Compito del MoVimento 5 Stelle è creare strumenti idonei a rendere sempre più efficace e il processo per rendere effettivi questi impegni, per dare al popolo il pieno autogoverno, senza mediazioni di sorta.
Per conseguenza il modello organizzativo del MoVimento va pensato come una piramide rovesciata, la cui base – vale a dire il popolo della rete (che sarà nostro impegno rendere sovrapponibile perfettamente con il popolo tutto, informatizzato e non ancora informatizzato (di qui la centralità della battaglia per la connettività) – ha tutti i poteri e tutte le prerogative. A stretto contatto con la totalità della rete, stanno delle organizzazioni locali, presenti contemporaneamente sia fisicamente sul territorio sia su internet, il cui compito è di facilitare in tutti i modi, l’espressione diretta della rete.
Al di sotto, sta un coordinamento regionale, il cui unico fine è di mettere in relazione fra loro i gruppi territoriali.
Sotto a tutti, sta il coordinamento nazionale (ma si potrebbe un domani a immaginare una fuoruscita dai confini nazionali, auspicabile sotto ogni punto di vista) che si occupa di mettere in relazione e facilitare in ogni modo gli organismi regionali.
Il modello è quello federale in cui è la rete a dare forma ai gruppi, e via discendendo.
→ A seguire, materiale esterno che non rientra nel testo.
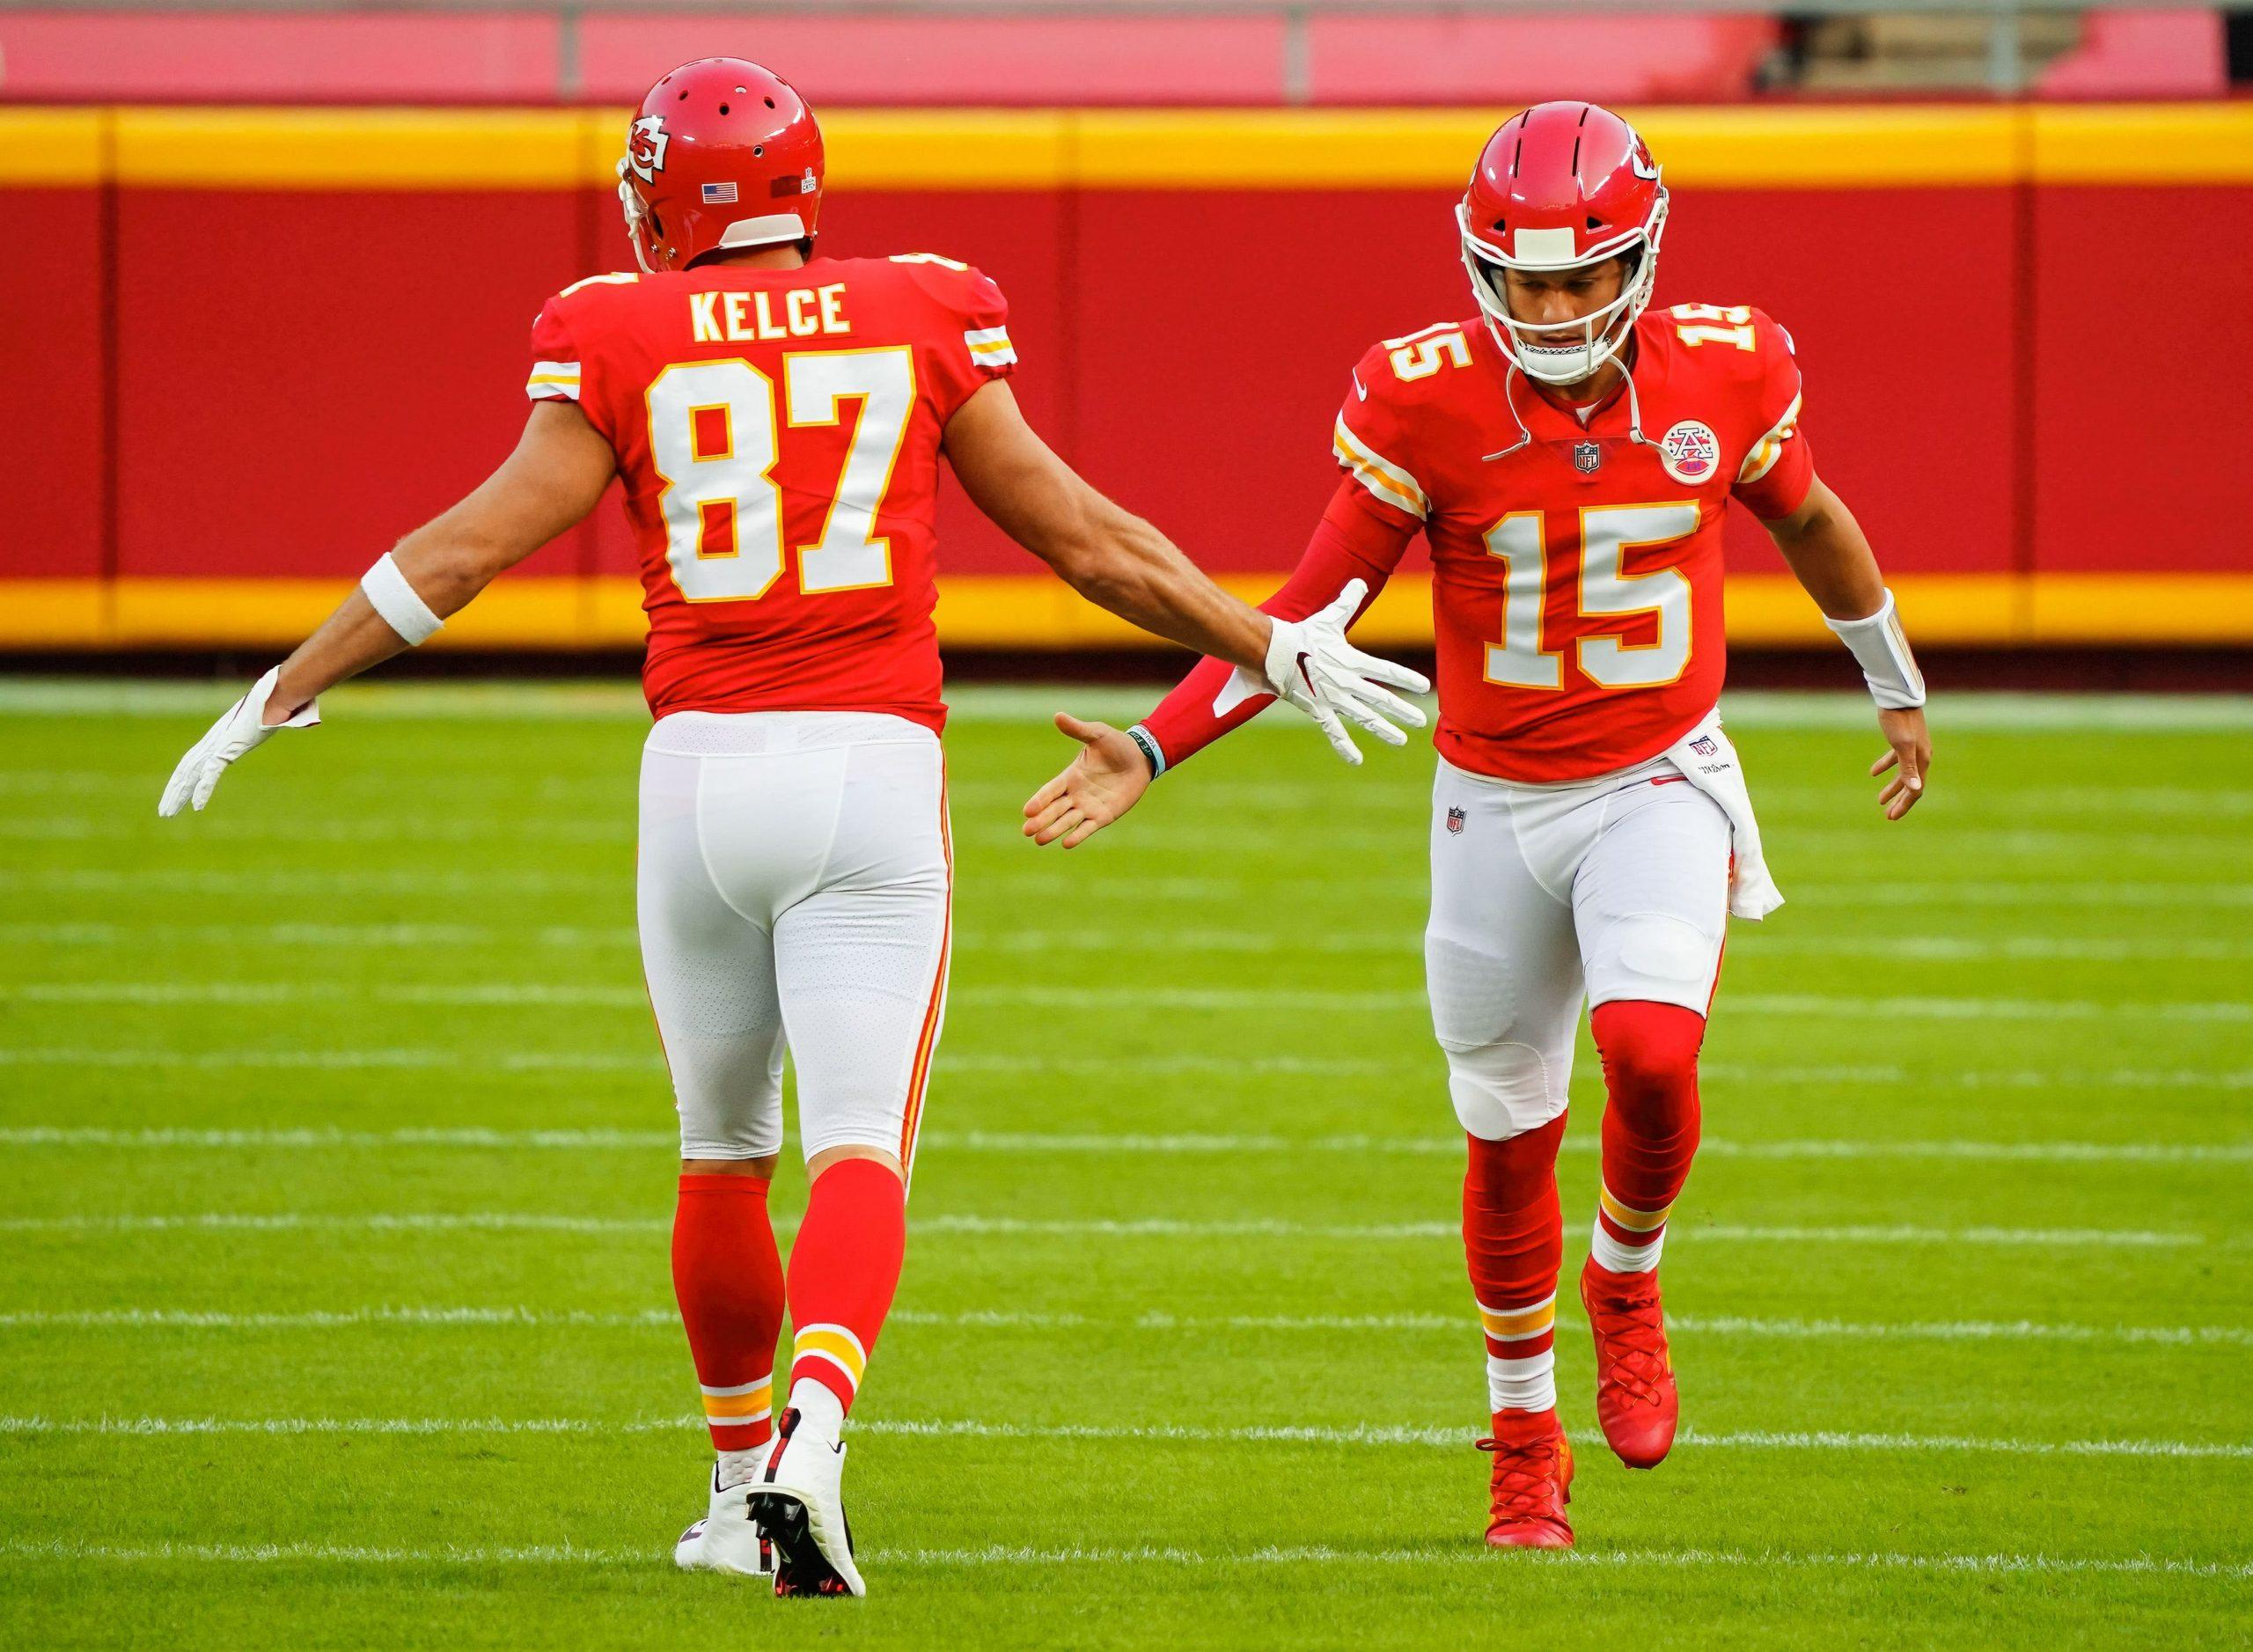 Travis Kelce and Patrick Mahomes of the Kansas City Chiefs
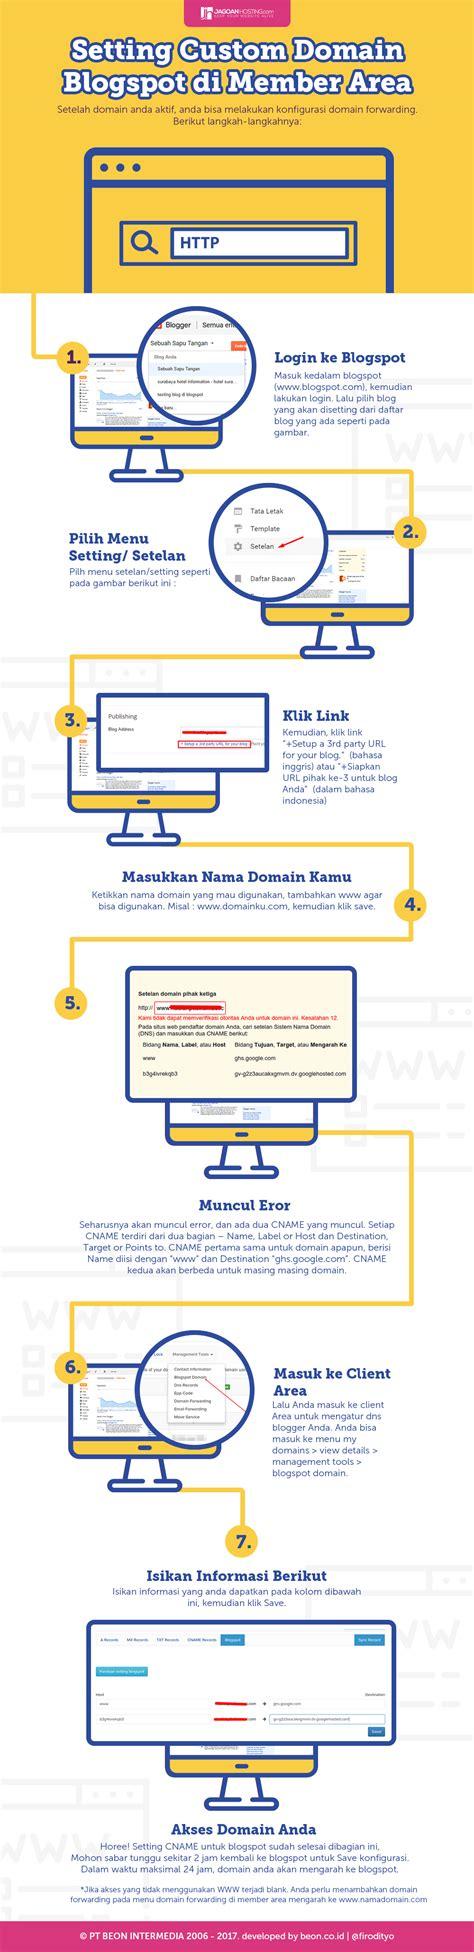 cara membuat blog agar menarik cara membuat konten marketing yang menarik agar dagangan

E non quello centralista, per cui è il movimento nazionale a dividersi in gruppi e sottogruppi.
Chi opera nei diversi coordinamenti va guardato come un “dipendente”, cioè una persona chiamata a svolgere un incarico integralmente esecutivo, senza alcuna autonomia di decisione. Naturalmente tutte queste persone avranno intere le loro prerogative in quanto membri della rete. In questo modo svolgere un incarico non comporterà né una promozione né una retrocessione. Uno vale uno dal principio alla fine.
In ogni caso, le deleghe sono temporanee: si può pensare a un periodo iniziale di un anno, con un eventuale rinnovo di sei mesi. Poi, ammesso che uno non abbia urgenza di riposare (e sarebbe un brutto segno perché vorrebbe dire che se l’è presa comoda durante il mandato), si propone in altri temi, per altri settori, su diversi livelli.
Poiché il criterio ispiratore è quello dell’autogoverno, la questione della maggioranza e della minoranza nelle decisioni perdono rilevanza. Ciascuno realizzerà le decisioni che avrà condiviso e non si impegnerà per quelle di cui non è convinto.
Dimissioni e sostituzioni dovrebbero essere guardate non come una disgrazia ma come un’opportunità di discussione e di emersione di nuovi punti di vista e nuove persone.
Ciascuno partecipa alle diverse attività su base volontaria e gratuita: solo se qualche attività non trova nessuno disponibile a fornirla gratuitamente è ammissibile che la si acquisti DALL’ESTERNO. Non esistono rimborsi spese e retribuzioni per nessuno.
La partecipazione alle elezioni a tutti i livelli ha il fine di boicottare e sabotare le attività ostili delle amministrazioni pubbliche e per diffondere gli impulsi che vengono dalla rete. E’ in ogni caso un’attività accessoria dell’attività complessiva della rete e dei suoi strumenti.
I candidati vengono scelti da tutti gli abitanti del territorio che avranno voluto autenticarsi, cioè iscriversi con nome, cognome, curriculum, foto ed e-mail. In questo modo questa stessa assemblea potrà se necessario procedere alla revoca degli eletti in qualsiasi momento, grazie alle dimissioni in bianco presentate prima della nomina. Gli eletti saranno dipendenti dalla popolazione del territorio e non disporranno di alcuna autonomia decisionale.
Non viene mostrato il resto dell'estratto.